Sweet Home is the kind of place where she can have a “hobby farm,” raising alpacas and sheep for their wool. She and her husband, Alexander Golston, are amateur mycologists – studying mushrooms, which she seeks to make dye for her wool.

Almanza graduated from the School of Art Institute of Chicago at the Art Institute of Chicago Museum in 2007 with a bachelor of fine arts degree in art education.

She grew up in Chicago and graduated from high school in 2002, she said.

“I was an honors and AP student in high school,” she said. She did all of her work early so she could spend her senior year taking art classes, with independent study of ceramics; she made an 18-piece focused body of work that year.

She received a $15,000 Presidential Scholarship in academic excellence at Lewis University. She intended to become a history or English teacher.

“Even though I was dedicated to my artwork, I never felt it could be a career or viable,” Almanza said. “I never thought art school would accept me.”

She spent a year there getting straight A’s, she said, but she was quickly bored. She dropped out and went to work on a portfolio she could submit to art schools and then enrolled at the School of Art.

Her parents moved to Phoenix, Ariz., in 2005. When she graduated, she followed them. There she worked her first teaching job and met her husband. They moved to California’s Central Valley – her husband grew up in the Fresno, Calif. area – where she worked for a year before moving to Eureka.

She has remained passionate about her art and teaching it to students.

“It’s communication about an idea or concept,” Almanza said. “It can’t be anything without a human experience.”

It is one of the most interconnected subjects, she said, drawing from math and science to the humanities.

A few days ago, Almanza needed to divide a circle into 12 equal circles. She didn’t have the math in her head to do that. She headed for Youtube and learned the math, which can be useful for such tasks as making a paint wheel or a clock.

When she was in school, if the connection between math and applications like this for trigonometry, for example, she thinks it would have been easier to understand and learn.

Almanza is interested in a variety of subjects, from history to literature, but she credits art for taking her there.

Art is about constant improvement. As a potter, “I’m not going after a concept,” Almanza said. “I’m going after a skill set I refine every time I work.”

It’s about honing craftsmanship, she said, and that’s what she is sharing with her students.

Doing art builds a sense of self-esteem as they learn and improve, she said. A student may know nothing when enrolling in an art class, but after 10 weeks, the student will learn something, grow and get better.

The high school art room is a place where students can experiment with their ideas, she said. They can hypothesize and then test it. Then they can evaluate what they’ve done.

The students learn to critique art based on objective criteria, evaluating the aesthetics, feelings and ideas associated with a piece of art.

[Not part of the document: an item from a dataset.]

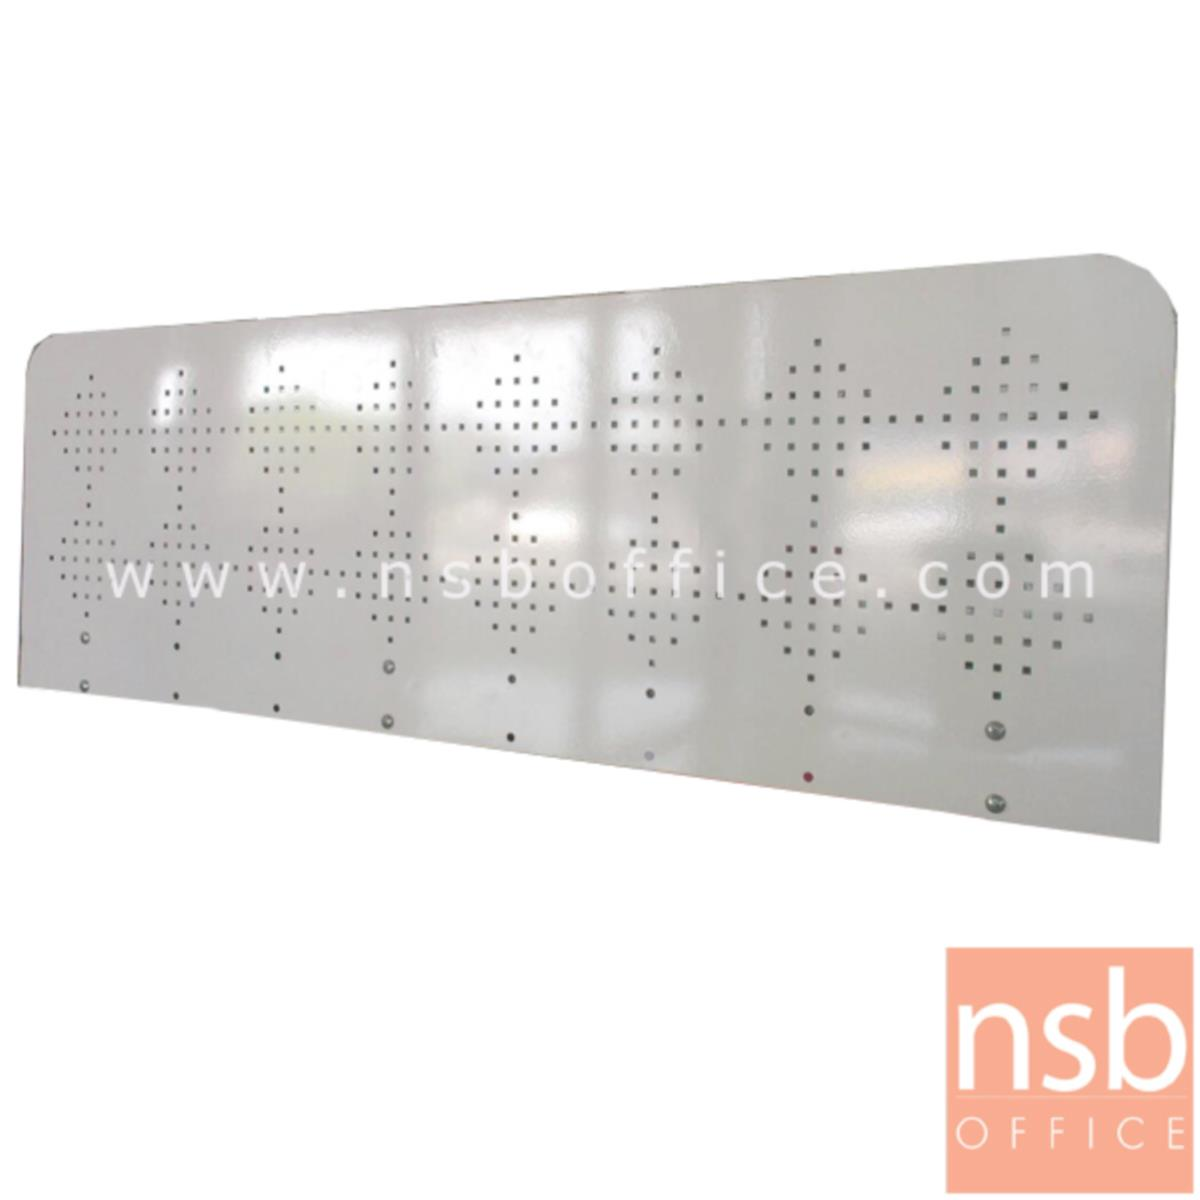 P04A012:มินิสกรีนกั้นบนโต๊ะเหล็กล้วน 40H cm.  รุ่น Steel (สตีล) ขนาด 100W, 120W, 135W และ 150W cm.

That opens a classroom discussion where they learn to support and talk about their opinions and exchange ideas – all valuable across the board in a student’s education.

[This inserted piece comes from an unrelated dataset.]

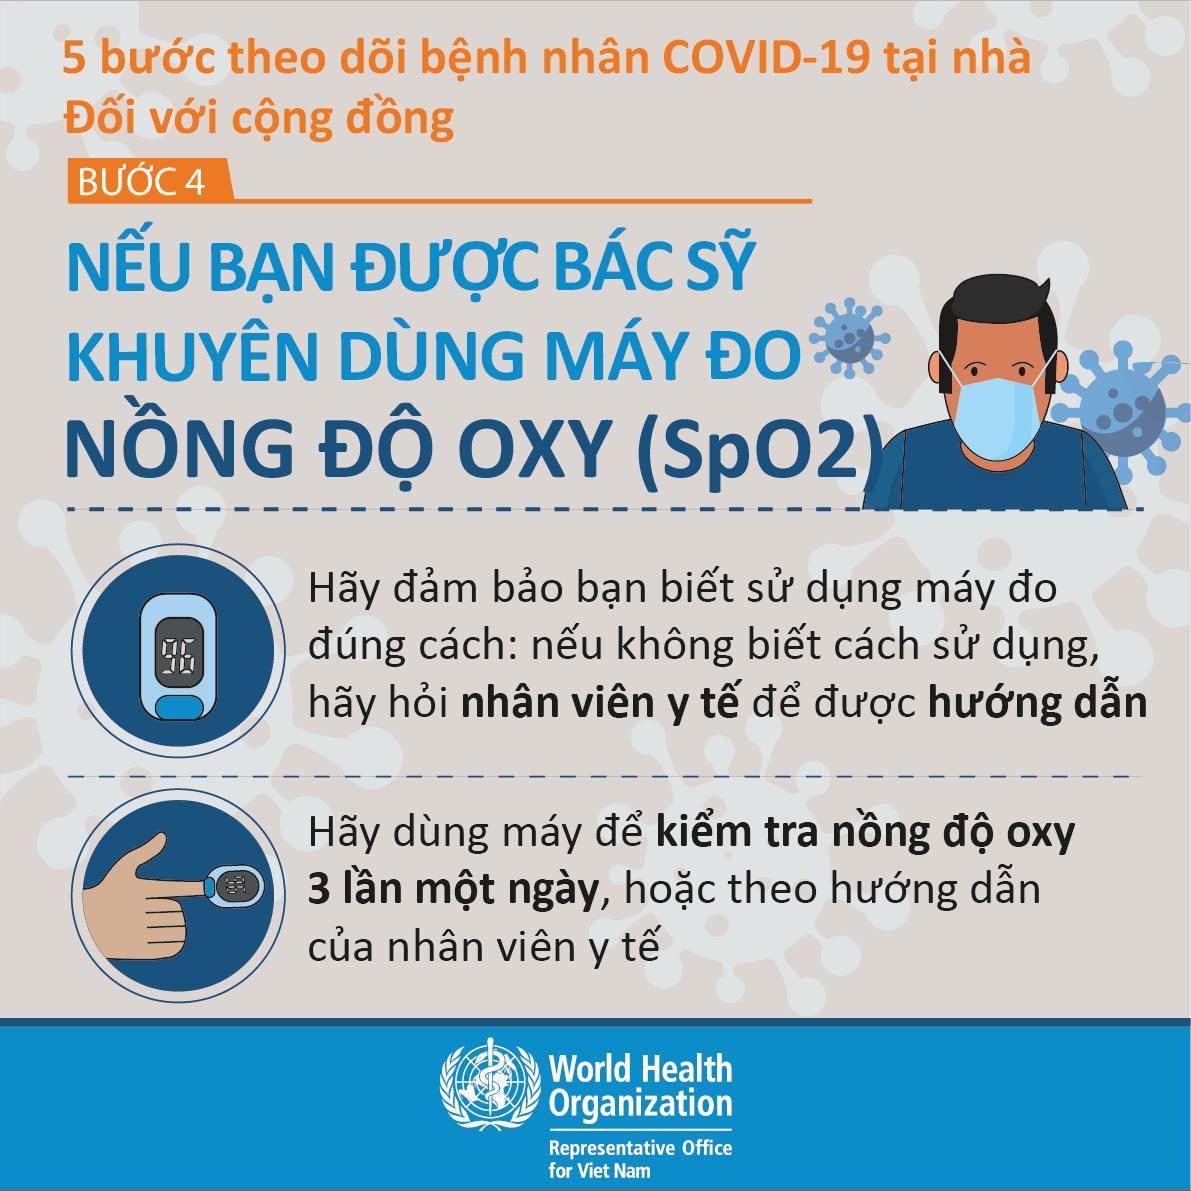 5 bước theo dõi bệnh nhân Covid-19 tại nhà bước 4

Almanza said she would ultimately like to extend art and its advantages through every grade level, a tool teachers can use in a variety of subjects.

At the elementary levels, art education seems inconsistent, she said, as schools rely on artists in residence. In the longer term, she would like to see a staff member dedicated to elementary school art. As an alternative, she thinks she might be able to serve as a consultant to help teachers incorporate art into their curriculum.

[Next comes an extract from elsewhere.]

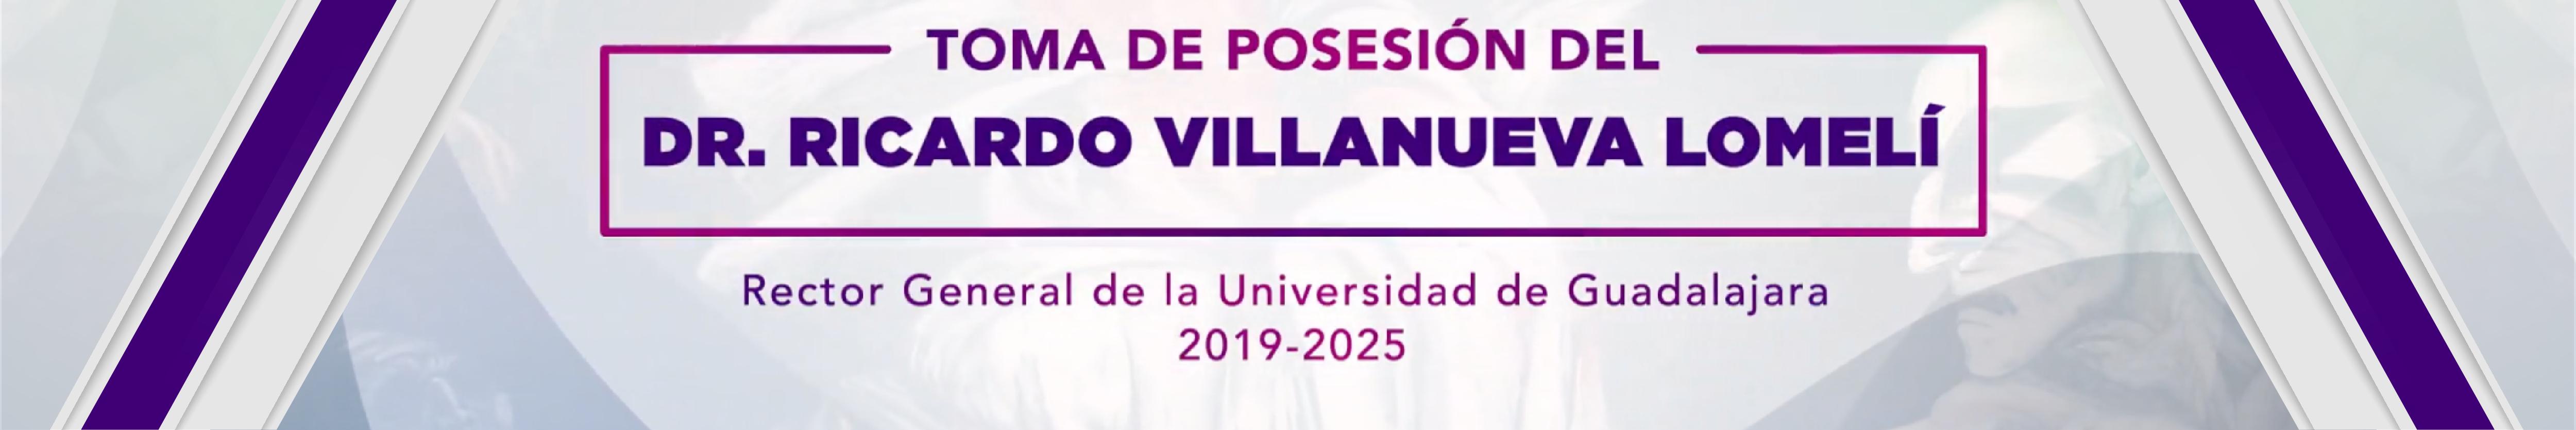 Toma de posesión del dr. Ricardo Villanueva Lomelí - Rector General de la Universidad de Guadalajara 2019 - 2025

At this point, long-term ideas are just ideas, she said. She has a lot on her plate right now, and she’s just beginning. Her goals will take planning and patience.

“I’m trying to build the program,” she said. “Trey and I are working together to make some consistencies between what we’re teaching. We want these kids to take art in middle school and try new things.”

Ideally, students continue studying art in high school, she said. She plans to earn the accreditation she needs to teach advanced placement art.

“Really, my goal for the next three to five years is increasing enrollment and getting the student body interested in taking art classes,” Almanza said.